▸ Material shown
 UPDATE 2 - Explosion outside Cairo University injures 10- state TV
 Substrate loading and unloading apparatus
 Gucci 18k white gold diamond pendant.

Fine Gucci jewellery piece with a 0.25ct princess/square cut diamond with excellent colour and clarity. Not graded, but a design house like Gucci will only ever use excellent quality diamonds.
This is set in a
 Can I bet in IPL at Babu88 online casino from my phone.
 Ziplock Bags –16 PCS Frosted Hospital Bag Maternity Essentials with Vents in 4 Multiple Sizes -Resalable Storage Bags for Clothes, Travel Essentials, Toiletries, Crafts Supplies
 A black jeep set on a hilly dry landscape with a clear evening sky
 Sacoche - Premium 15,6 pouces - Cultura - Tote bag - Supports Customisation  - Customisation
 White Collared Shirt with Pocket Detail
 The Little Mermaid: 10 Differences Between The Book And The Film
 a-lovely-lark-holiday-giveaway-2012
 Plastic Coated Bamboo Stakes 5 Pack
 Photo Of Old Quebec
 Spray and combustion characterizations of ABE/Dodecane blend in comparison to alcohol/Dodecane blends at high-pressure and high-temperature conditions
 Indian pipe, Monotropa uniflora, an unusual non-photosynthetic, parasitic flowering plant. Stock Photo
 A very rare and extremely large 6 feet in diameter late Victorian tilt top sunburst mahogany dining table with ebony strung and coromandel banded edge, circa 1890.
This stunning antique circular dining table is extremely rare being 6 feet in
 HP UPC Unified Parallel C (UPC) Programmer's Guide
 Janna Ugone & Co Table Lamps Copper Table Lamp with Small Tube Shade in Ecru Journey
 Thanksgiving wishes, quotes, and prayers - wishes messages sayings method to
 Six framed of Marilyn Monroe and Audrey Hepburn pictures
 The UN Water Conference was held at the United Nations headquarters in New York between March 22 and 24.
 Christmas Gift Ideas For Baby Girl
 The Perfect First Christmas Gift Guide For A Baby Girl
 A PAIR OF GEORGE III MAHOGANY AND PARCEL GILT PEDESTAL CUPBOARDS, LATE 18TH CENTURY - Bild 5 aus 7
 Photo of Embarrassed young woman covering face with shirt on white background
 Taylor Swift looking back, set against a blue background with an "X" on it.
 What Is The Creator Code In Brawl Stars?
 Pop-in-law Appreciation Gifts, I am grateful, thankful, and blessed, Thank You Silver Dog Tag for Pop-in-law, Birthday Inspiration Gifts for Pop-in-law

▸ What to produce
Would you output the lines from the one that contains "Photo of Embarrassed" to the end of the data, both ends included, exactly as they appear?

▸ Answer for this exercise
 Photo of Embarrassed young woman covering face with shirt on white background
 Taylor Swift looking back, set against a blue background with an "X" on it.
 What Is The Creator Code In Brawl Stars?
 Pop-in-law Appreciation Gifts, I am grateful, thankful, and blessed, Thank You Silver Dog Tag for Pop-in-law, Birthday Inspiration Gifts for Pop-in-law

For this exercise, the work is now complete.